After a disastrous beginning for the Patagonian Missionary Society, when Captain Allen Gardiner and his companions died of starvation in 1851 in Spanish Harbour and a group of missionaries were massacred at Woolai, Naverin Island, in 1859, Stirling went to Keppel Island as Mission Superintendent and managed to re-establish the work of the mission.
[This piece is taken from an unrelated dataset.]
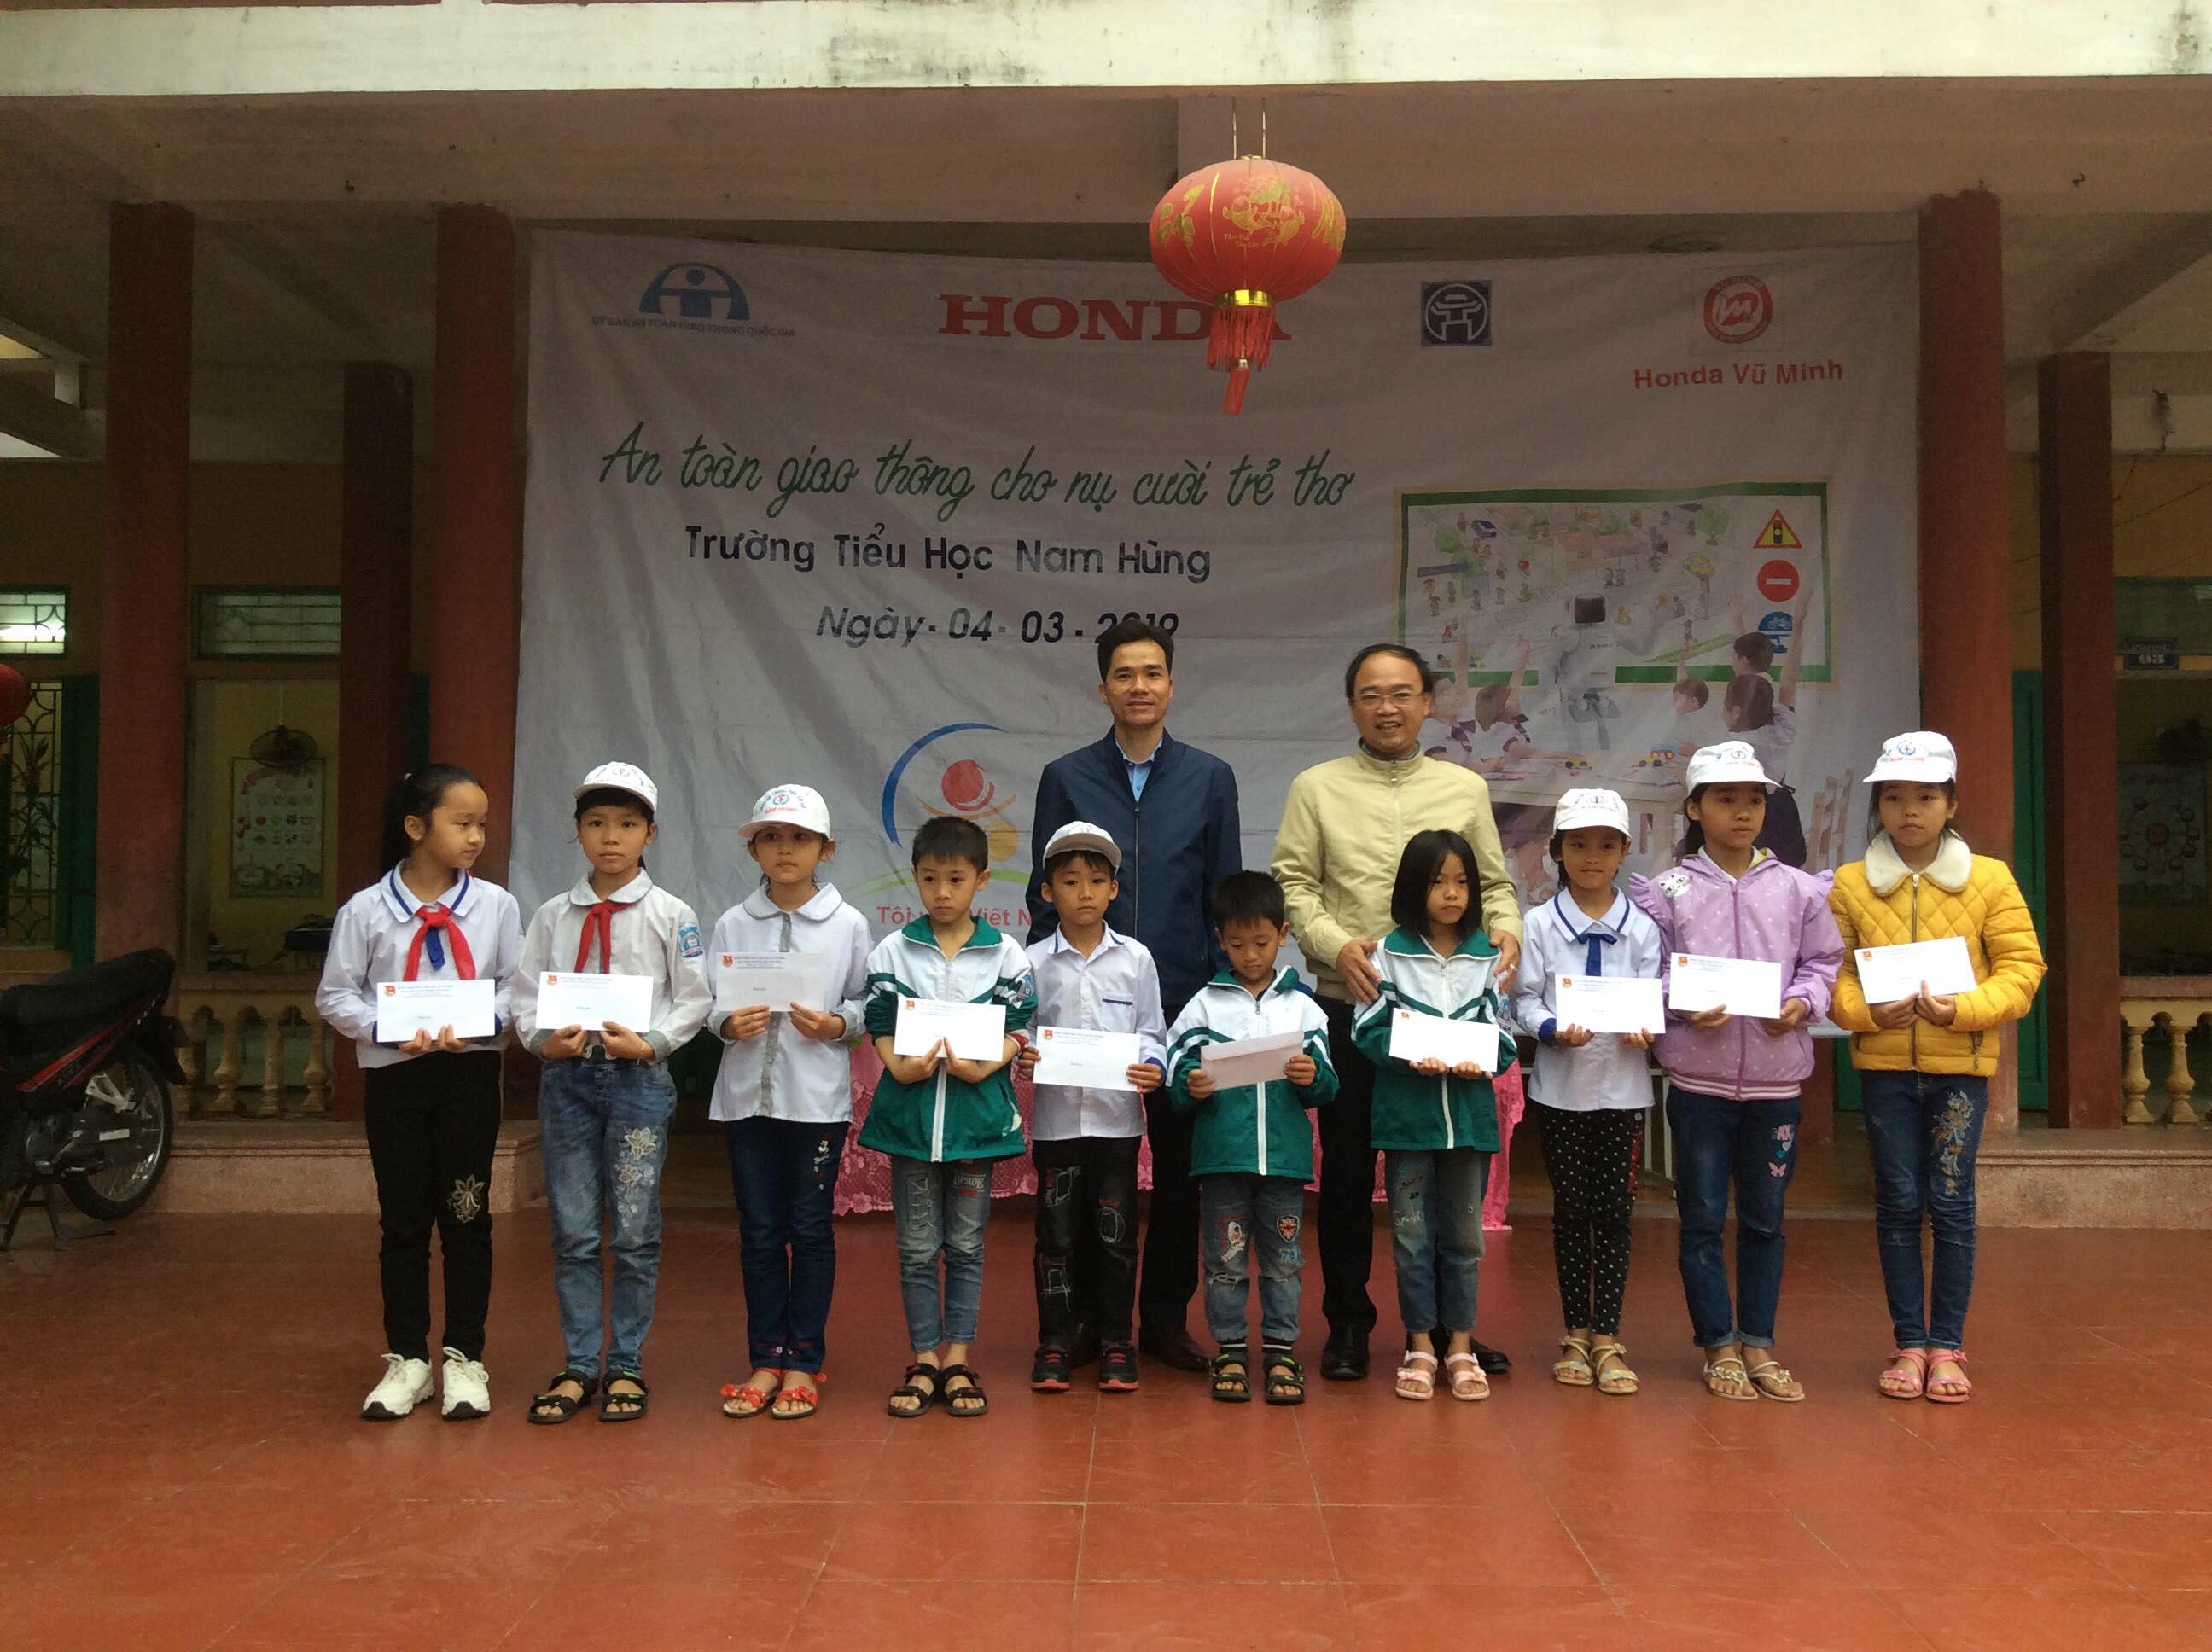 Trường tiểu học Nam Hùng tổ chức Giao lưu truyên truyền an toàn giao thông trường học

Whilst in isolation in Ushuaia, in Tierra del Fuego, as "God's Lonely Sentinel" as Stirling called himself, he was summoned to London to be consecrated with the title "Bishop of the Falkland Islands", in keeping with contemporary practice to name overseas bishoprics after one of Her Majesty's possessions. Seven consular chaplaincies in South America and several private company chaplains were placed under his jurisdiction. He spent his first few years establishing his authority over recalcitrant clergy and congregations who resented this Episcopal "upstart" and still thought they owed allegiance to the Bishop of London, who was responsible for oversight of overseas Colonial and Consular Chaplaincies.
On January 14th, 1872, in the Exchange Building in Port Stanley Bishop Stirling was assigned his "Throne and Episcopal Chair" by the Colonial Chaplain, the Reverend Charles Bull. The surroundings hardly resembled a cathedral, and Bishop Stirling refused to consecrate "half a commercial building", yet Holy Trinity became the Mother Church of a vast diocese while for reasons of communication, Argentina's capital, Buenos Aires, remained the administrative centre, where St. John's Church became a "pro-Cathedral" and later a full Cathedral. After a wall of the Exchange Building was destroyed in 1886, the present very beautiful Stanley Cathedral was built, and consecrated in 1892.
The Colonial Chaplain in 1892, the Reverend Lowther Brandon, became Dean and the Constitution provided for four Honorary Canons. The last Honorary Canon to be appointed in 1968 was the Reverend Eric Wilcockson, the Anglican Chaplain in Rio de Janeiro.
Bishop Stirling resigned in 1900 to become a Canon and Assistant Bishop at Wells Cathedral, for another 20 years, finally retiring at the age of 91.